Hello, some feedbacks on this.
It would be helpful to add a parameter to $utfencode in order to make it not truncate, this is actually a problem in script because $utfencode is the function you need to use, to know the utf8 length, to see if it exceed a limit or not.
Something like $utfencode(input,[charset],[%var|&binvar]) returning the correct length of the utf8 string when %var|&binvar is used, and copying only the maximum length allowed into the output %variable (and all of it if a binvar of course)? This would allow us to not only get the real length, but we would now have the option as well to use a binvar to access all the bytes regardless of the length.
There is a note in versions.txt
saying that binvar are no longer limited on the number of byte that can be stored, one of the advantages of binvar in mIRC is to overcome the limit on characters for a line/parameter/etc.
Take /bset in maroon's example, $str() is evaluated correctly, because 6000 characters is ok, his bset comes with -t, and it can be extremely easily argued that therefore we're dealing with string according to your definition, so the limit should be in characters.
Now you could be arguing that no, this is a binary variable command and the -t switch does not override it.
That would be fine, except it's against the principle of allowing them to hold any number of byte. If binvar can hold as much as we want, why is bset silently limiting the number of byte added? If it makes perfect sense for binvar to hold that much bytes, then as long as $str resolves and the total line length in character is not beyond $maxlenl+100 (the current real limit), I don't see why maroon's bset would fail. To me that's simply a bug of /bset. The expected result can be achieved via two /bset, I don't see why not with one.
$sha256 and the like, being identifier, I also don't understand why they would chop at the limit, the result returned won't exceed any limit.
It is extremely unpleasant to not get an error because, and especially with $maxlenl changing over time, you have no idea that only that much has been used, and it will just cut an utf8 char in 'half' (is the case in maroon's example when $maxlenl+100 = 10340).

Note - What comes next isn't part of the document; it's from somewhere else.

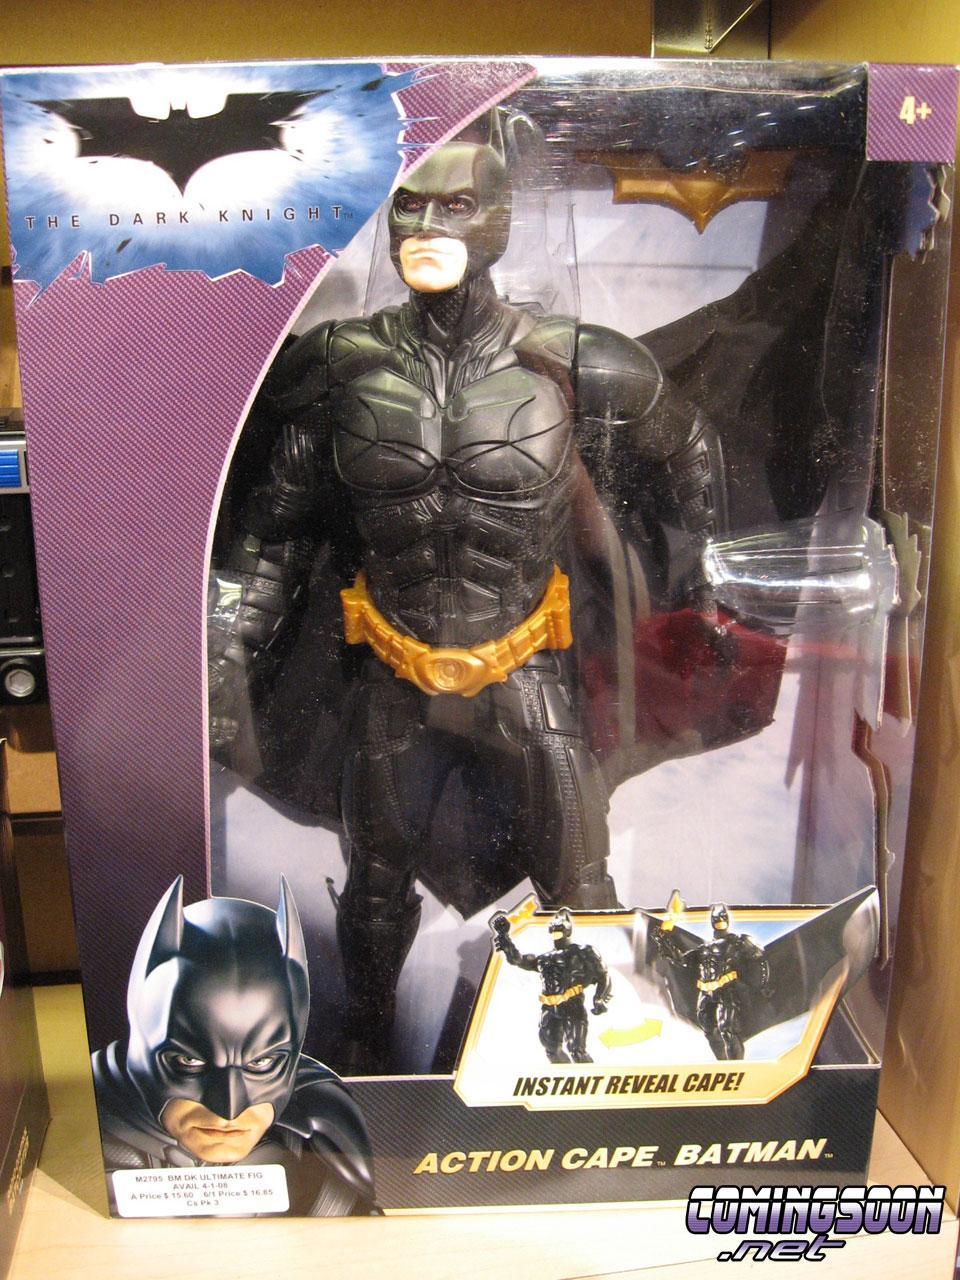 The Dark Knight Mattel S Dark Knight Toys Unveiled

$regsubex suffer from the same problem and it's not very nice either: //noop $regsubex(foo,$str($chr(10004),6000),,) gives line too long for $regsubex, despite $str() being fine and the result being $null
It has to be said, $sha* etc and $regsubex are not binary function as far as the scripter is concerned.
I know that the common ground is converting to a single byte array, I just don't think it's necessary to apply the limit there, the scripting engine itself should be enough to handle that.
From my experience with msl (but it's certainly true for custom alias) any identifier parameter is limited to a maximum length of $maxlenl+Leeway (Leeway being 100 atm).
Of course there are exceptions, like $len, but $sha* family should all be exceptions as well.
And, if $len has no check on string length, $len can actually never return more than $maxlenl+Leeway, if you pass more than that as plain text to $len, the scripting engine stops and return $len: invalid parameter, but this is certainly not a limit on $len itself, just the engine parsing plain text parameter, I assume. And non plain text, well, you're limited to $maxlenl+Leeway anyway or you'll get a line too long error. The same applies to $sha256.
That gives us a limit already on the number of bytes that can be written to the single byte array internally from such identifier call: the above x 4.
$maxlenl being 10240 for now, that's a limit of around 40kb from the msl engine itself, and that's a memory that is released immediately after the call (might be a bit different memory wise for $regsubex, but for most identifiers like that, I believe the memory is released immediately), I don't think mIRC is in any danger.
All in all, with Unicode and the future, 64 bits, I don't think the internal limit on byte for such function requiring conversion is making it much safer for mIRC, rather we get stuck on what we feel should be working.
Of course mIRC needs some kind of limit, and it's nice to have it extended etc, but it makes sense to have a limit on the number of characters only in our script, since binvar are not limited.
I believe this limit made from the parameter length in character is enough.
Based on the above, I would like to see the limit removed for all identifiers applicable like that, because we can always use a binvar directly with the identifiers themselves (again, when applicable, I didn't check but ideally, it would always be applicable, but does work with $sha* family and via $bfind().regex for regex identifiers.)